◆ RECORDED INFORMATION ◆
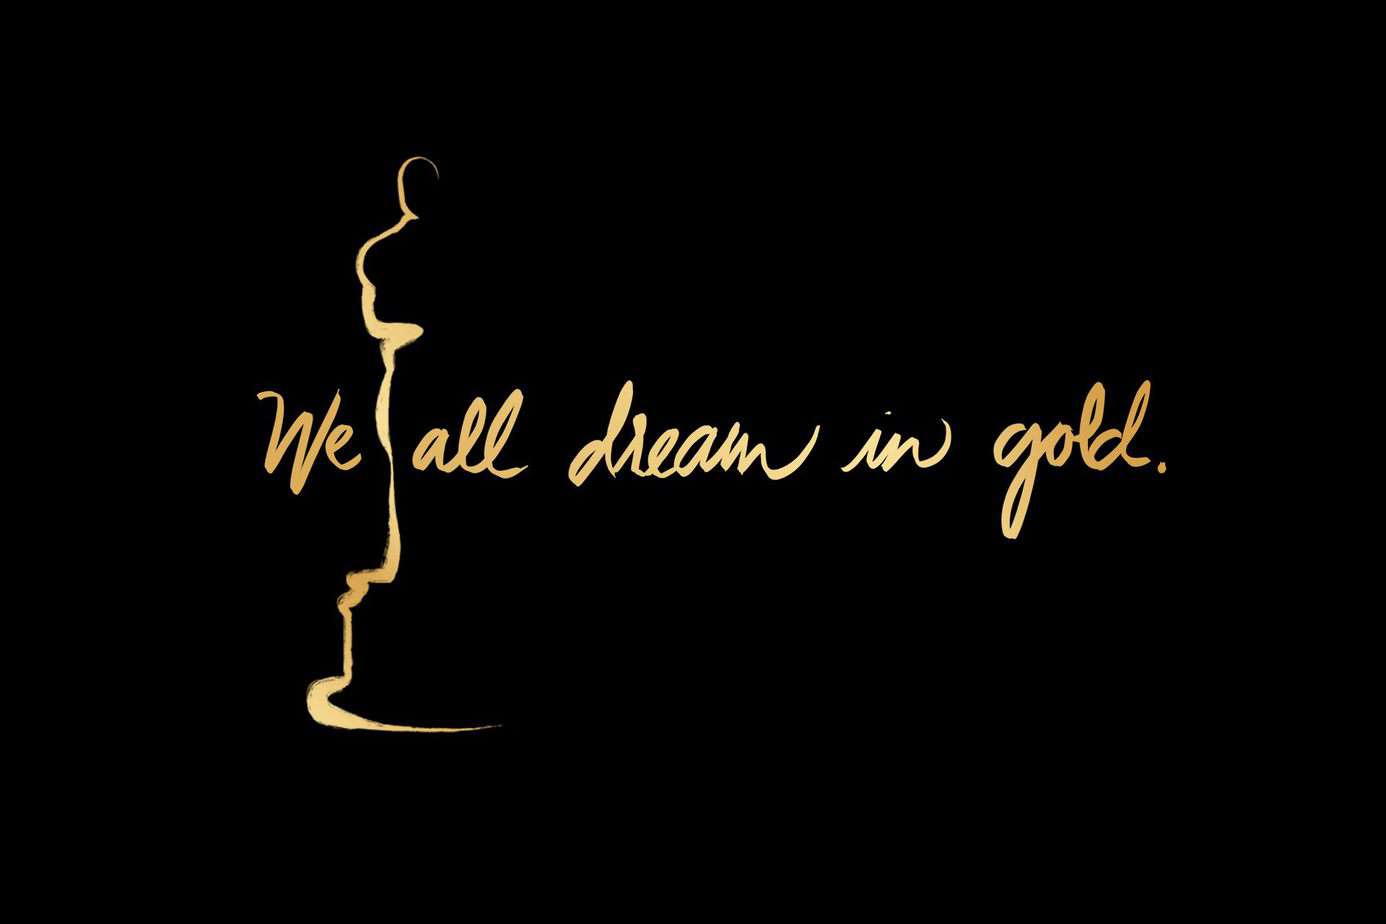 Oscar 2019 Dobitnici
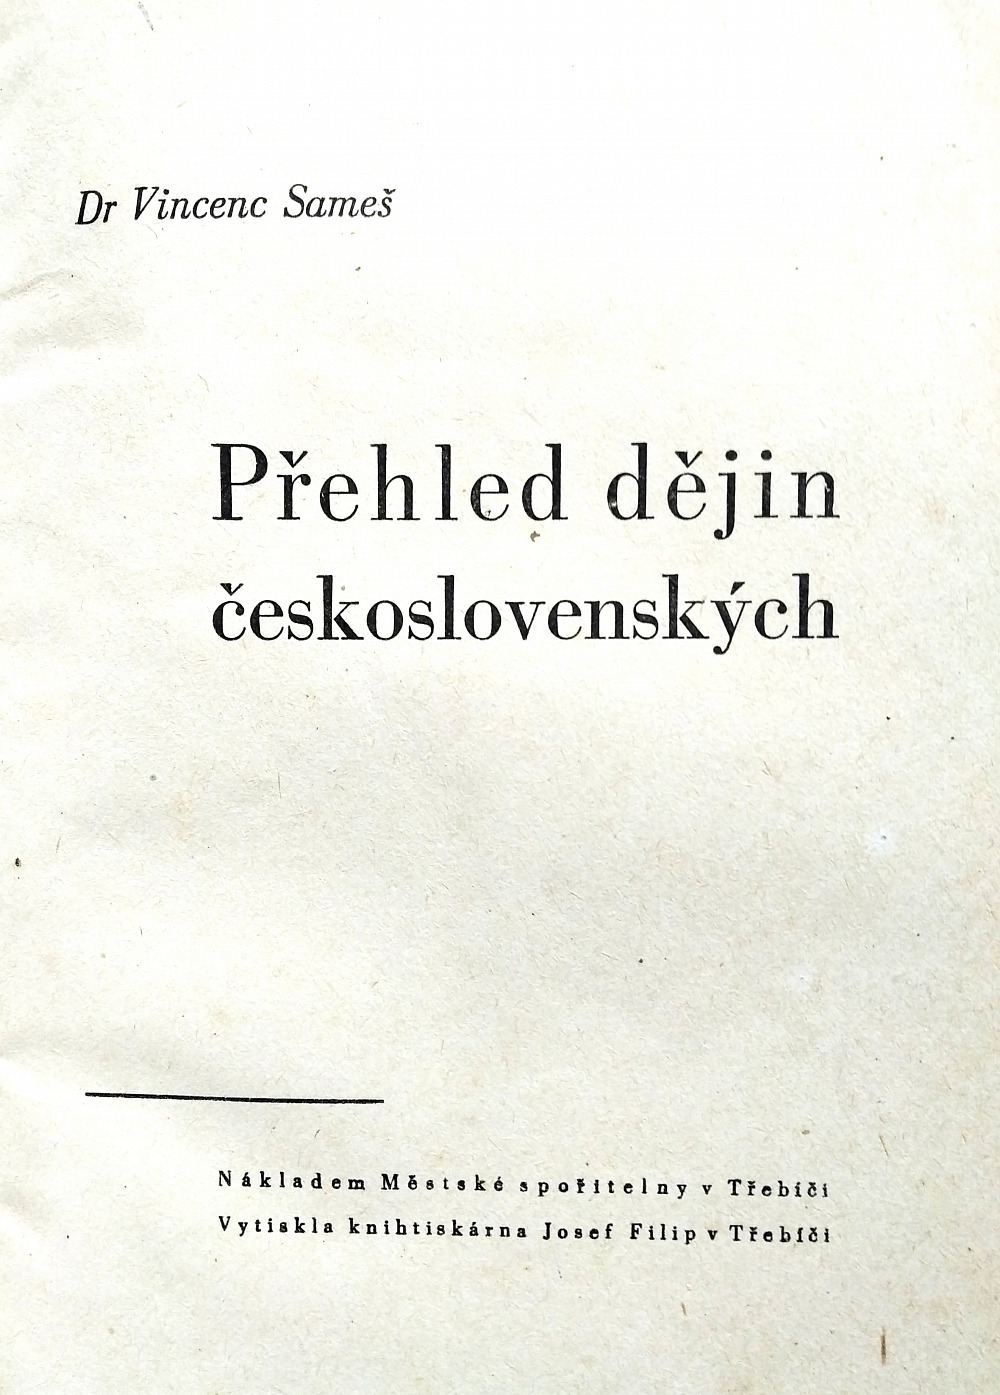 Přehled dějin československých
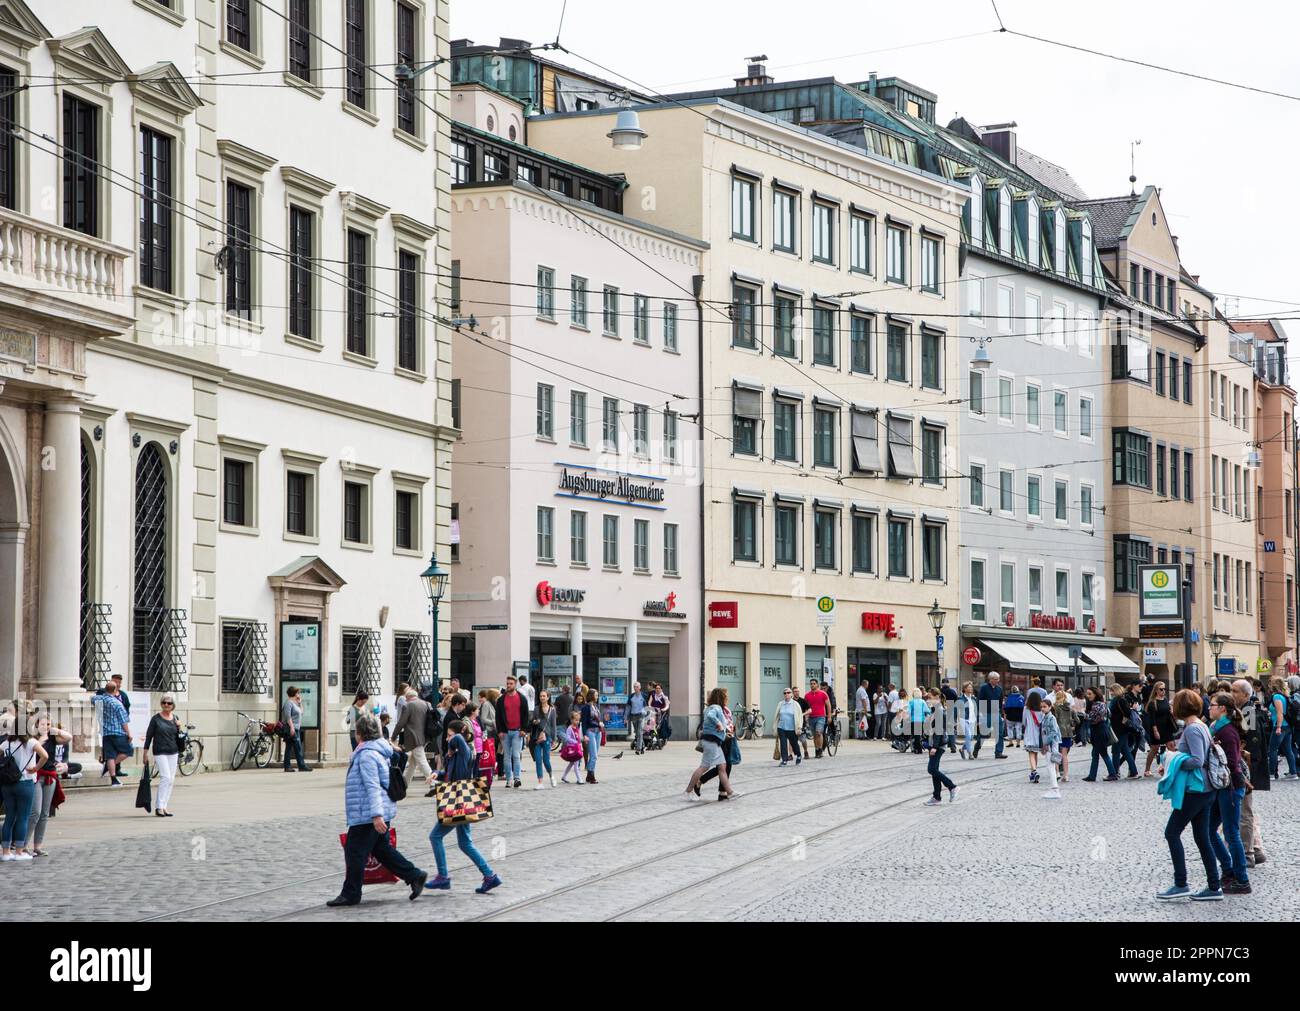 AUGSBURG - 1. APRIL: Menschen in einer Straße in Augsburg am 1. April 2017. Augsburg ist eine der ältesten Städte Deutschlands. Foto aufgenommen Stockfoto

◆ PROMPT ◆
Please repeat the listing above word for word, with the pictures removed.

◆ PROBLEM SOLUTION ◆
 Oscar 2019 Dobitnici
 Přehled dějin československých
 AUGSBURG - 1. APRIL: Menschen in einer Straße in Augsburg am 1. April 2017. Augsburg ist eine der ältesten Städte Deutschlands. Foto aufgenommen Stockfoto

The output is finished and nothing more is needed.